I have some large arrays each with i elements, call them X, Y, Z, for which I need to find some values a, b--where a and b are real numbers between 0 and 1--such that, for the following functions,

```
r = X - a*Y - b*Z
r_av = Sum(r)/i
rms = Sum((r - r_av)^2), summing over the i pixels
```

I want to minimize the rms. Basically I'm looking to minimize the scatter in r, and thus need to find the right a and b to do that. So far I have thought to do this in nested loops in one of two ways: either 1)just looping through a range of possible a,b and then selecting out the smallest rms, or 2)inserting a while statement so that the loop will terminate once rms stops decreasing with decreasing a,b for instance.
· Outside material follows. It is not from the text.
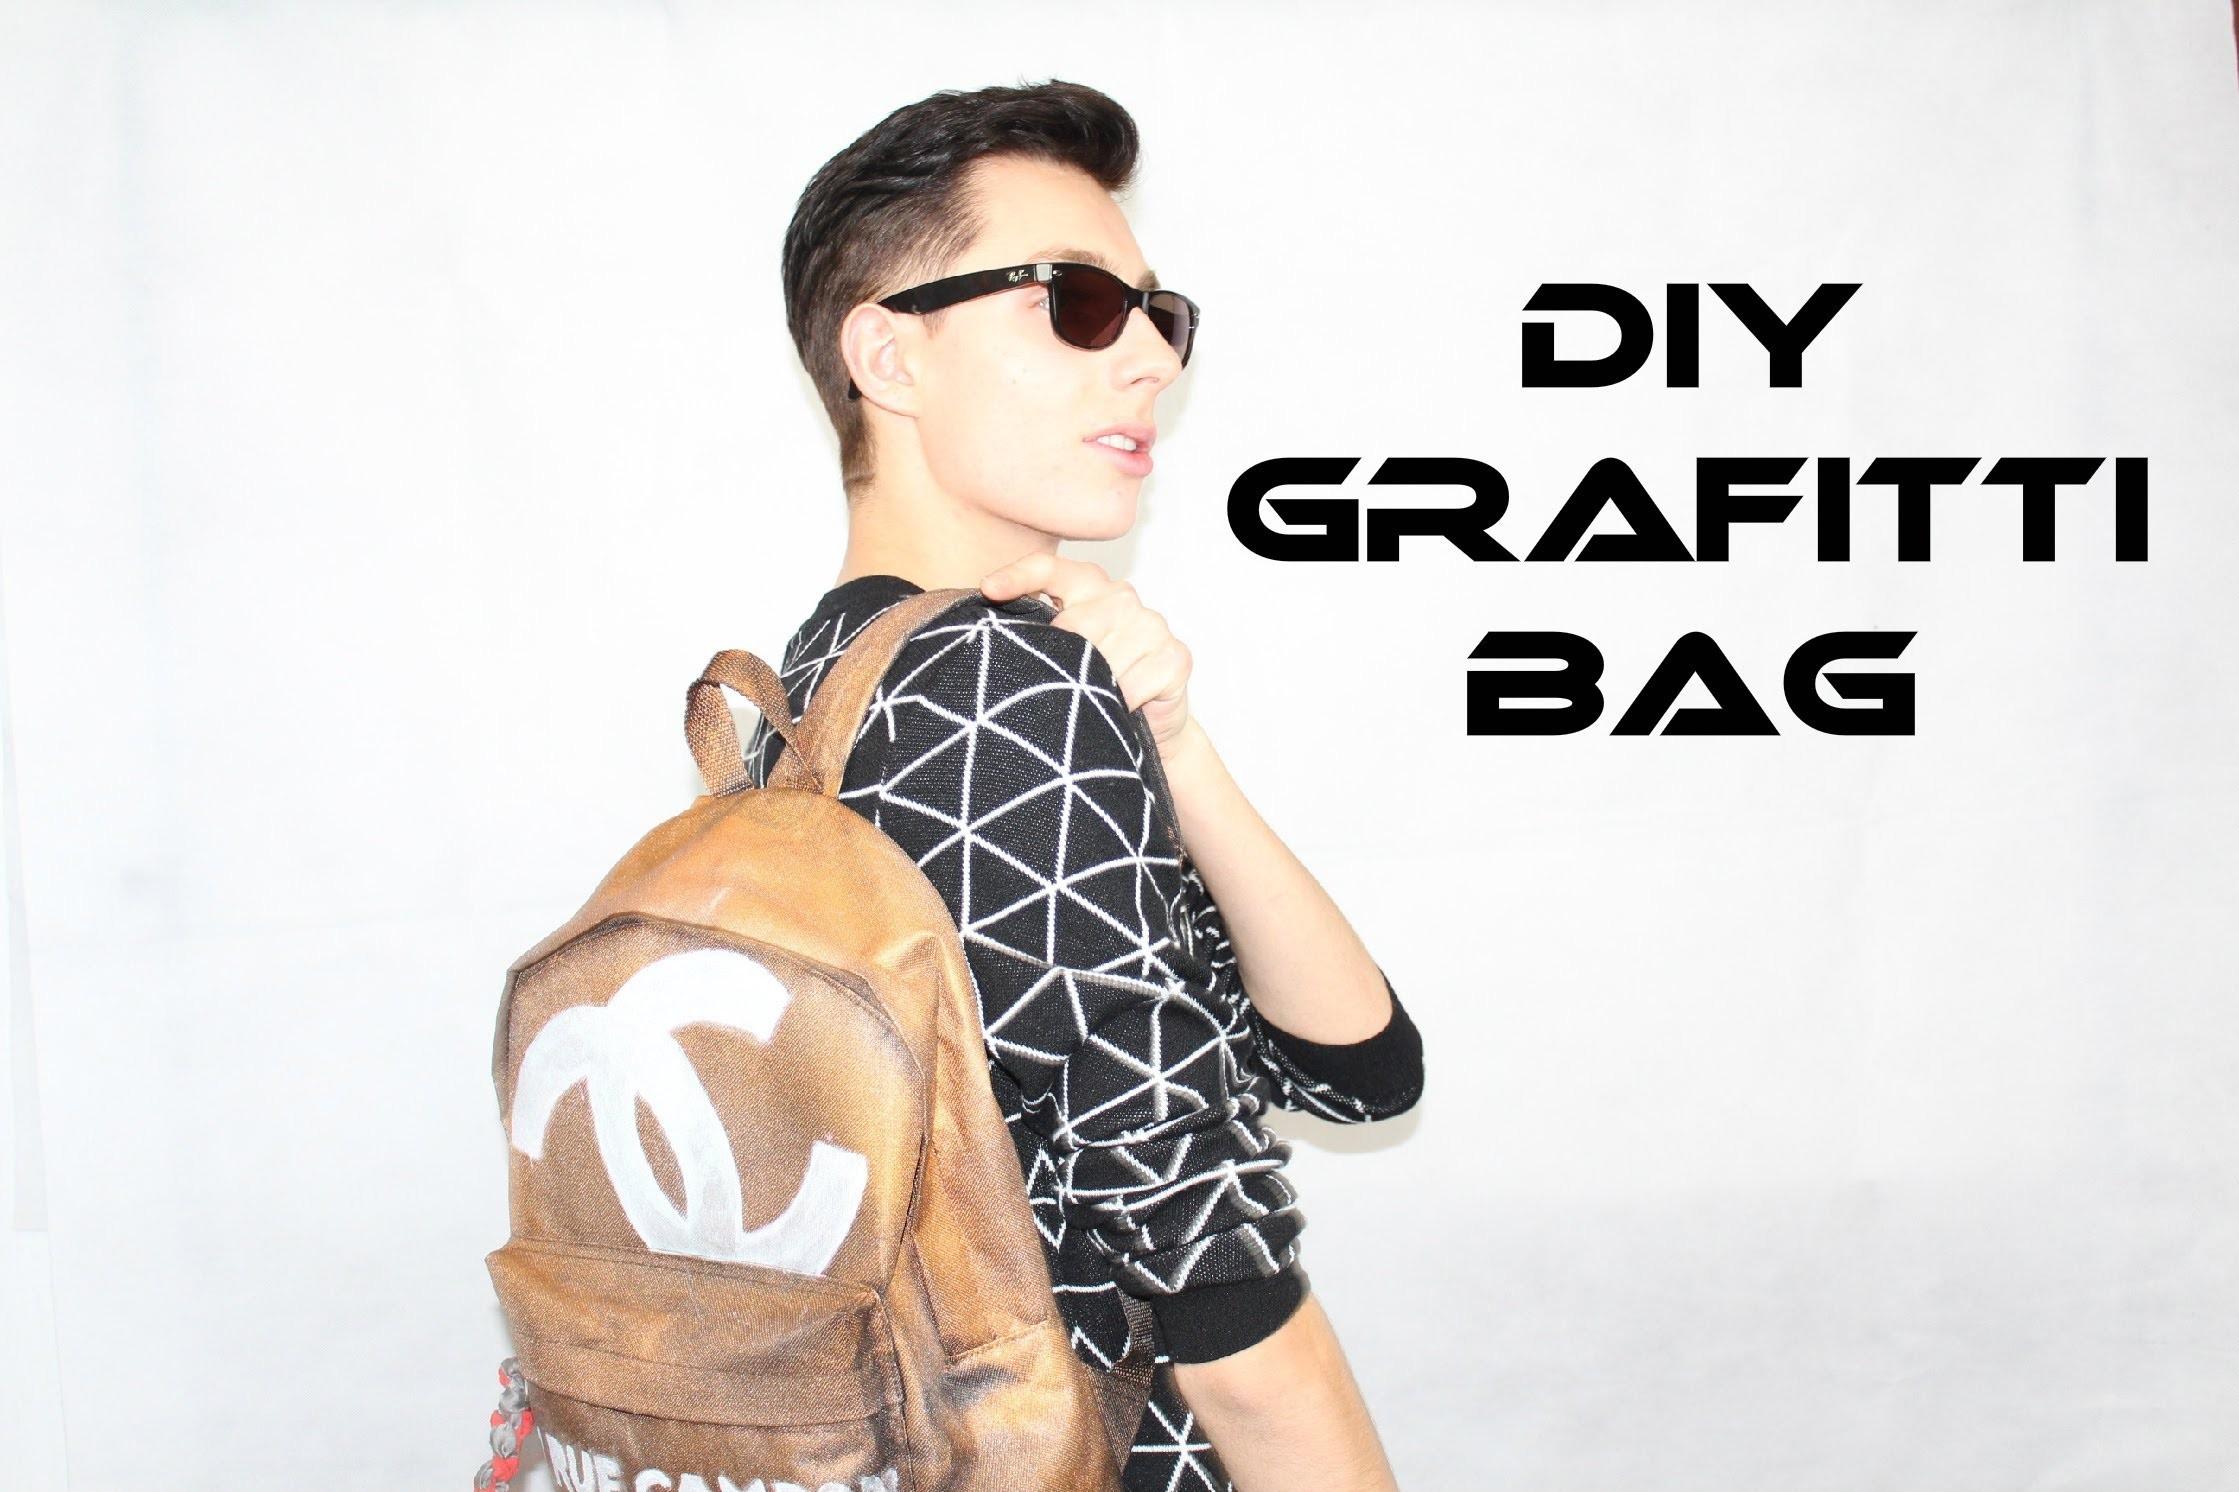 CHANEL INSPIRED GRAFITTI BAG! Fashion DIY Part 2

Here's some pseudocode for these:

```
1) List
for a = 1
for b = 1
calculate m
b = b - .001
a = a - .001
loop 1000 times
sort m values, from smallest
print (a,b) corresponding to smallest m
2) Terminate
for a = 1
for b = 1
calculate m
while m > previous step,
b = b - .001
a = a - .001
```

Is one of these preferable? Or is there yet another, better way to go about this? Any tips would be greatly appreciated.

# Best How To :

There is already a handy formula for least squares fitting.

I came up with two different ways to solve your problem.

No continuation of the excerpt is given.